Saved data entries
──────────────────────────────

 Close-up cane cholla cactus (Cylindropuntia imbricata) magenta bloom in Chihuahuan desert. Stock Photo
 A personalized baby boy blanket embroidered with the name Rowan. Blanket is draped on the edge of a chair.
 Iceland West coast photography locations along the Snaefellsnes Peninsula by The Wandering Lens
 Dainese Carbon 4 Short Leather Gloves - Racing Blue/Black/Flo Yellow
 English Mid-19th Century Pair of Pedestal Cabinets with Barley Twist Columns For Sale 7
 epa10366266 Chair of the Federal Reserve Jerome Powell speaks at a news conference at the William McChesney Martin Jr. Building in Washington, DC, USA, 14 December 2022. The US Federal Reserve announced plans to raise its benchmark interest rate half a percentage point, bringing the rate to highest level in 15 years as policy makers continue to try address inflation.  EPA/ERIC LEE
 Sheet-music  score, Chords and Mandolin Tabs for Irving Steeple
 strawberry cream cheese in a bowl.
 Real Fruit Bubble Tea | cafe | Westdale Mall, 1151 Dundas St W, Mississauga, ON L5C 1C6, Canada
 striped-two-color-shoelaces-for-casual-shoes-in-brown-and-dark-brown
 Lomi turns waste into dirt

──────────────────────────────

Problem:
Retype, without changes, the lines from the line holding "strawberry cream cheese in a bowl." to the end of the data, both ends included.

Answer section:
 strawberry cream cheese in a bowl.
 Real Fruit Bubble Tea | cafe | Westdale Mall, 1151 Dundas St W, Mississauga, ON L5C 1C6, Canada
 striped-two-color-shoelaces-for-casual-shoes-in-brown-and-dark-brown
 Lomi turns waste into dirt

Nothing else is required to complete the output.